This is the fifth in a series on the Back To The Future franchise as seen by a city planning nerd. Frame grabs are copyright Universal Pictures and are used here on the basis of fair use, for commentary purposes.
We left off with a quick look at Hill Valley's downtown, and specifically its central Courthouse Square, in five different time periods. The Courthouse Square, more than any other single location in the franchise, is our anchor--it's what tells us what year we're in, and what is going on in that period.
Our first introduction to downtown is in 1985, when Marty cruises through on his little four-wheeled death wish on his way to school. Growing up in the suburbs, I was--well, whatever the opposite of "streetwise" is, with a relatively blind eye to the poverty and decrepitude of the inner city. So I never really noticed, until years later, just how crappy and run-down Hill Valley 1985 is.
How crappy and run-down? If you've arrived at this blog, chances are you've seen the movies at least once and you know the story. So rather than rehashing it, maybe the best way to describe the change in Hill Valley over three decades is to imagine an alternate version of Back To The Future--one in which a teenager from 1955 is accidentally whisked thirty years into the future:
Our guy knows the Courthouse Square as a public green, occupied by people who to all appearances are there by choice. Pedestrian paths crisscross the green, providing shortcuts to well-dressed adults and comparatively well-behaved minors on their way to and from their various no-doubt-wholesome engagements. The streets around the square are lined with a variety of businesses--a travel agent, a stationery store, a record store, two movie theatres, a corner cafe and several others.
When he arrives in 1985, he is shocked to discover that the Courthouse Square has been paved to make a parking lot:
Surprisingly, given the 1980's shall-we-say muscular approach to foreign affairs, even the war memorial...
... has been torn out to make room to park one more Buick.
Our naïf from 1955 might conclude that, for all the talk about honouring the sacrifices of its soldiers, his country is more fixated on keeping its cars running--indeed, that the former talk is usually just a pretext for the latter. (And since this is 1985, not 2015, he could say so without being hauled off to Guantanamo to be pounded in the ass by the Taliban for the rest of his life.)
As for the businesses, they've been replaced by marginal operations including an occult bookstore, a bail bondsman, payday loan joint, and a shop dedicated to the sale of, um, adult accessories.

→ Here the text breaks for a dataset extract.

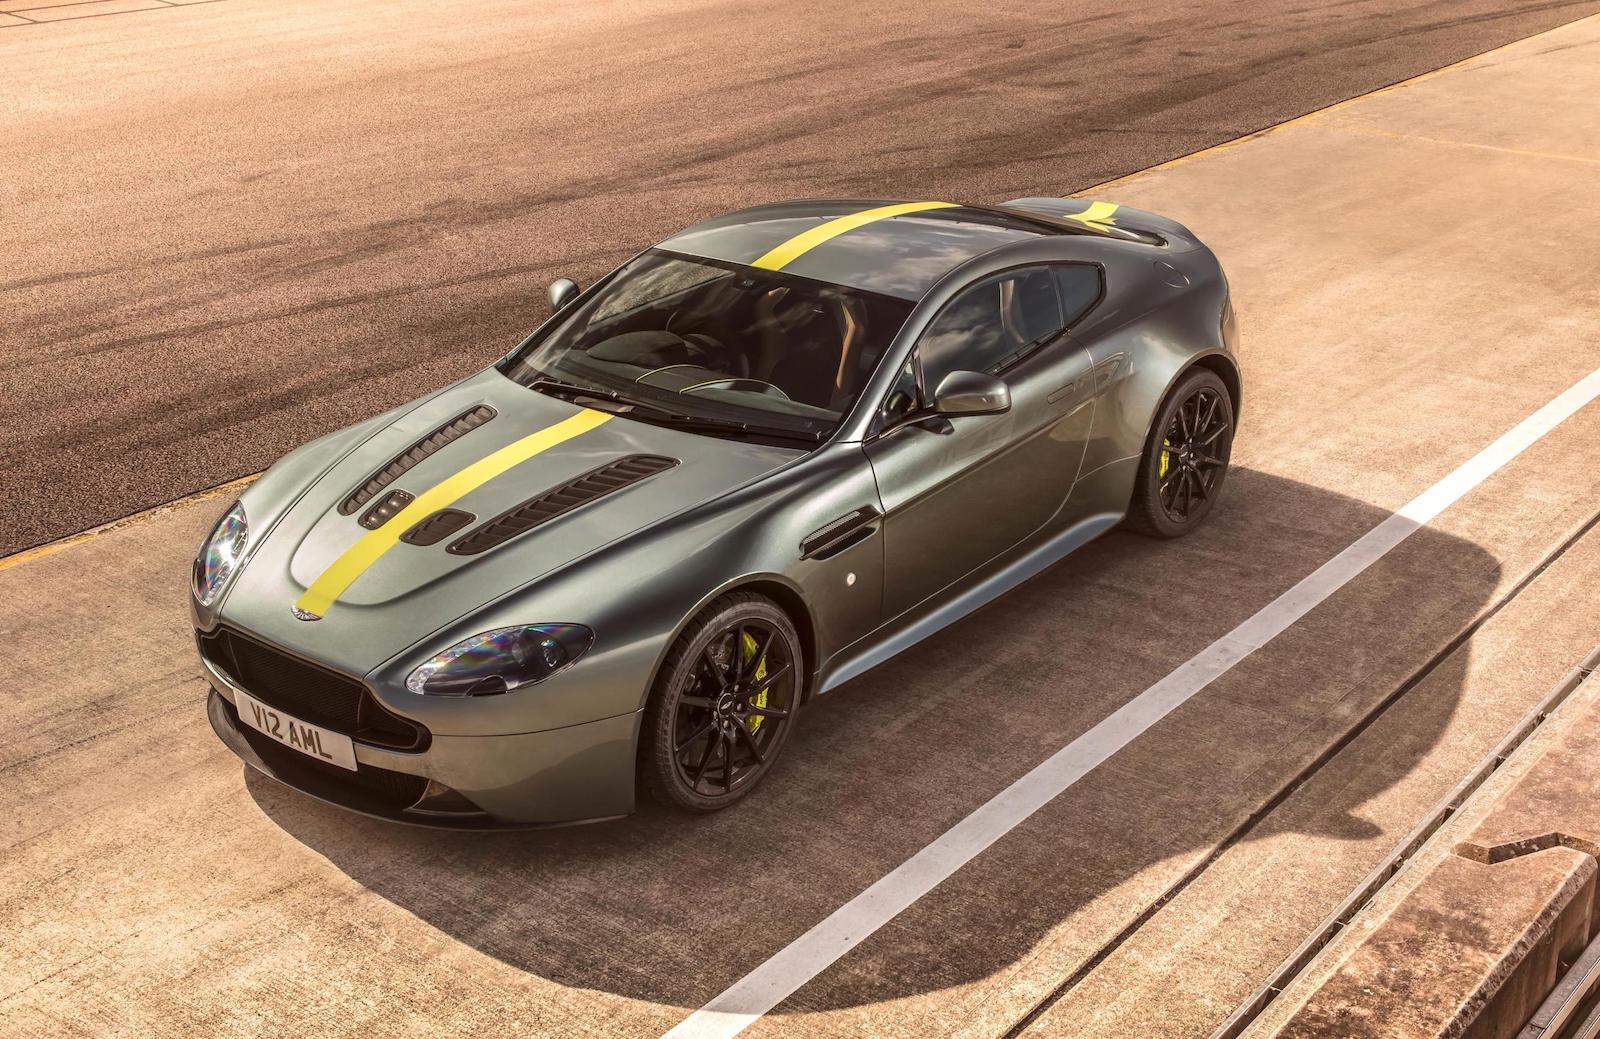 Aston Martin Vantage Amr Is Last Hurrah For Current Gen

The travel agent is still there, oddly enough. Maybe it thrives because anyone who finds themselves in downtown Hill Valley is overcome by the urge to get out of town, fast.
Not everything has changed, of course. For instance, the movie theatre...
... is still there, albeit with different programming and slightly more talented actors.
A running joke in the original movie was that everyone in 1955 thought Marty was a sailor because of his "life preserver." I expect that our guy from the fifties would observe that half of downtown Hill Valley's business is now dedicated to sex industries and conclude that the entire town has been taken over by sailors on leave. Hopefully someone will clue him in before he passes the window where a dozen women in skintight costumes wave at every passing male, lest he misread their intentions...
Not that the entire town has been given over to marginality, sleaze and Spandex. The other movie theatre from 1955...
... is now a church, albeit of the evangelical thunder-and-tarnation variety.
(Spoiler alert: Just as the B-movie actor from 1955 is President in 1985, in the sequel our guy goes to 2015 and finds that every single candidate for the Republican nomination got his or her start preaching at that church!)
If our guy sticks around 1985 for awhile, he'll learn that suburbia has sucked the life out of downtown, to the point that no one lives there anymore. But this is not quite true:
All in all, our guy from 1955 will notice a pretty drastic change. It's summed up rather nicely by the sign, which in 1955 promotes Hill Valley as "A Nice Place To Live..."
But at bare minimum a town's motto has to be something people can say with a straight face, and if you can't say something nice...
...best say nothing at all.
As I've suggested earlier, BTTF is a remarkable piece of storytelling, not least because it makes us believe that Marty really, really wants to get back to this decrepitating shithole. But it sets a bit of a challenge for the sequel. Having established that Hill Valley is basically Frank Capra's Pottersville, we need to come up with an alternative so bad it makes this place worth saving.